Коля приехал уже после восхода солнца и был каким-то помятым, всклокоченным — возможно, ночевал в машине. Он остановился неподалеку от стариков, сидящих у костра, подбоченился.
— Что скажешь? — спросил Андрей Николаевич, не поднимая головы.
— Я хотел тебя послушать, — дерзко сказал внук. — После такой ночки есть что сказать.
— Есть, — согласился Андрей Николаевич. — Ты почему над старыми людьми издеваешься? Как ты посмел обидеть старика?

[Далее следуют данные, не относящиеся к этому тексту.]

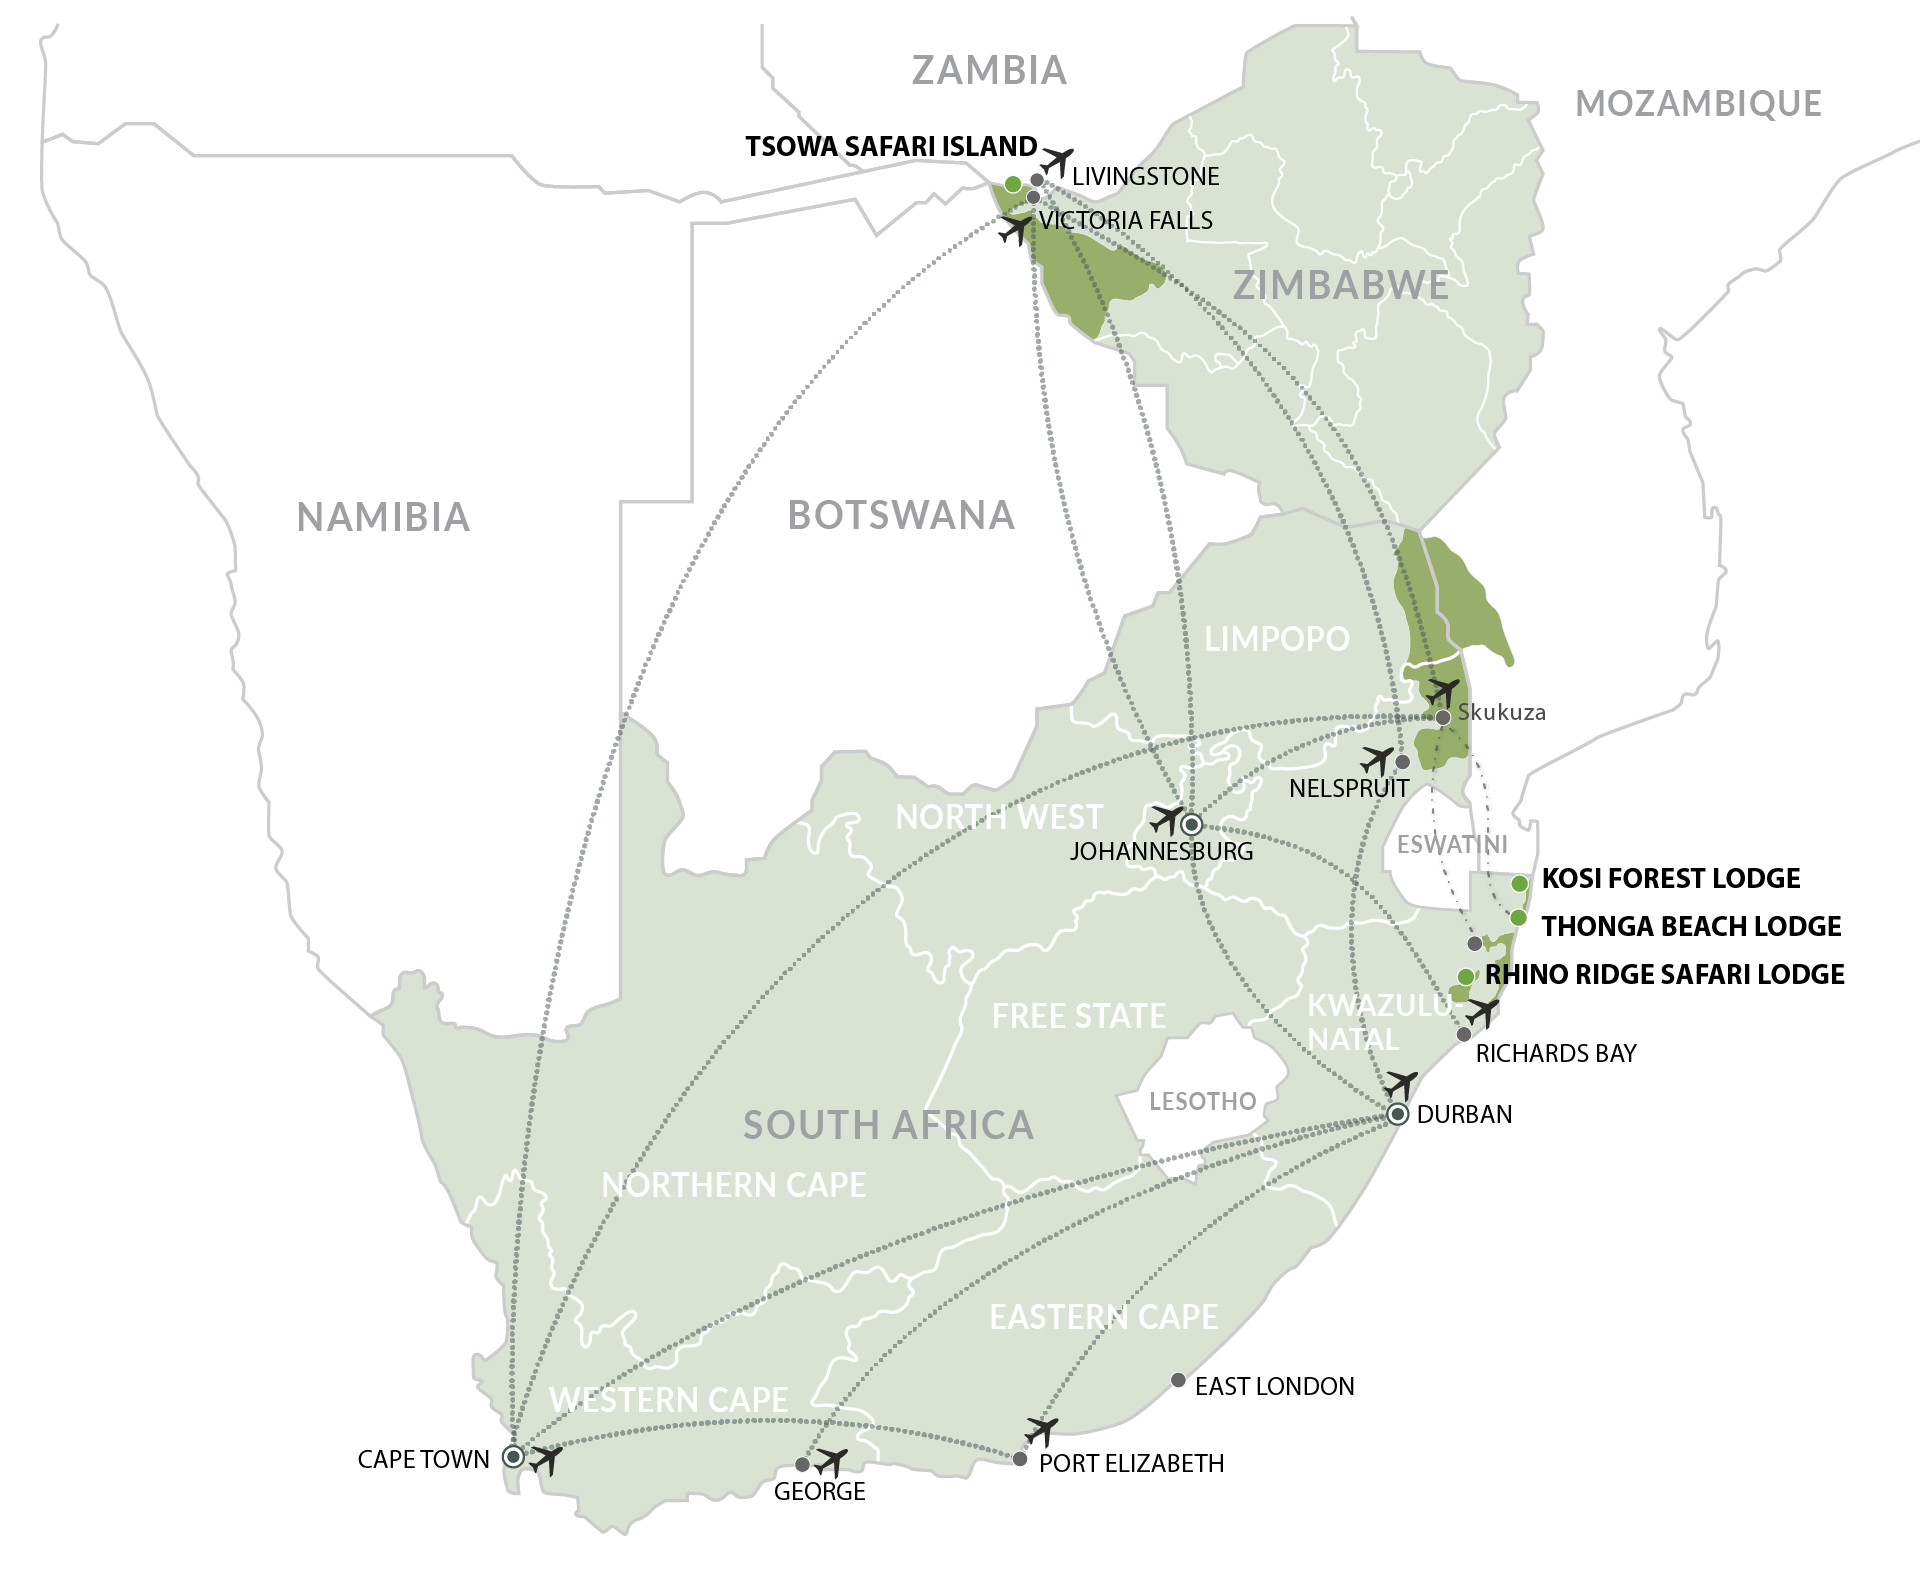 IAL MAPS - Southern Africa_Individual Lodges

Внук переступил с ноги на ногу, хмыкнул:
— Не понял. Ты о чем, дед? Кого я обидел?
— А вот его! — указал на Деревнина Андрей Николаевич. — Или тебе уже все нипочем, если в начальниках ходишь?
— Его — обидеть?! — взвинтился Коля. — Да ты знаешь, кто он такой? Знаешь?
Деревнин сидел, нахохлившись, и мешал палкой угли в костре. Пепел и черная сажа — жгли резиновый баллон — поднимались вверх и оседали на дырчатую его шляпу.
— Знаю, — спокойно бросил Андрей Николаевич. — Он несчастный и одинокий человек. Ко всему прочему, в преклонных годах. Ты обязан был его пожалеть.
— Пожалеть! — тихо возмутился внук. — Пожалеть… Вы что, сговорились? Дед? Неужели ты?..
— Ну, а ты решил, мы в рукопашной сойдемся? — Андрей Николаевич помедлил и твердо добавил: — Николай, ты должен попросить у старика прощения.
Внук отступил к машине, присел на бампер и удивленно покачал головой.
— Да… Чтоб я у этой гниды?! Прощение?.. Он — убийца! Дед! Опомнись! Что ты говоришь? Ведь он расстреливал безвинных людей! Я все о нем узнал, все знаю!
Дряблая, иссеченная морщинами шея Деревнина гнулась, и покатые плечи, приподнимаясь вверх, торчали выше затылка. Обгоревшая палка бездумно ворошила уголь и густую, кипучую золу.
— А ты хоть можешь представить себе, сколько ям с трупами на территории монастыря? — каким-то утробным, крадущимся голосом спросил Коля, приближаясь к деду, — И это — его работа. Его!
Деревнин вдруг вскочил и, волоча за собой палку, бочком пошагал вниз по склону холма. Он все убыстрял ход и скоро уже трусил жалкой стариковской рысцой. Коля проводил его глазами и приступил к деду.
— Он сам, лично расстреливал! Свидетель есть. Я нашел очевидца! Сколько он людей сгубил?.. В яму, а потом густой известкой. Потом еще партию, и еще известкой. Пока доверху не набьют… Дед! Я привезу тебе очевидца! Сам послушаешь. И тогда…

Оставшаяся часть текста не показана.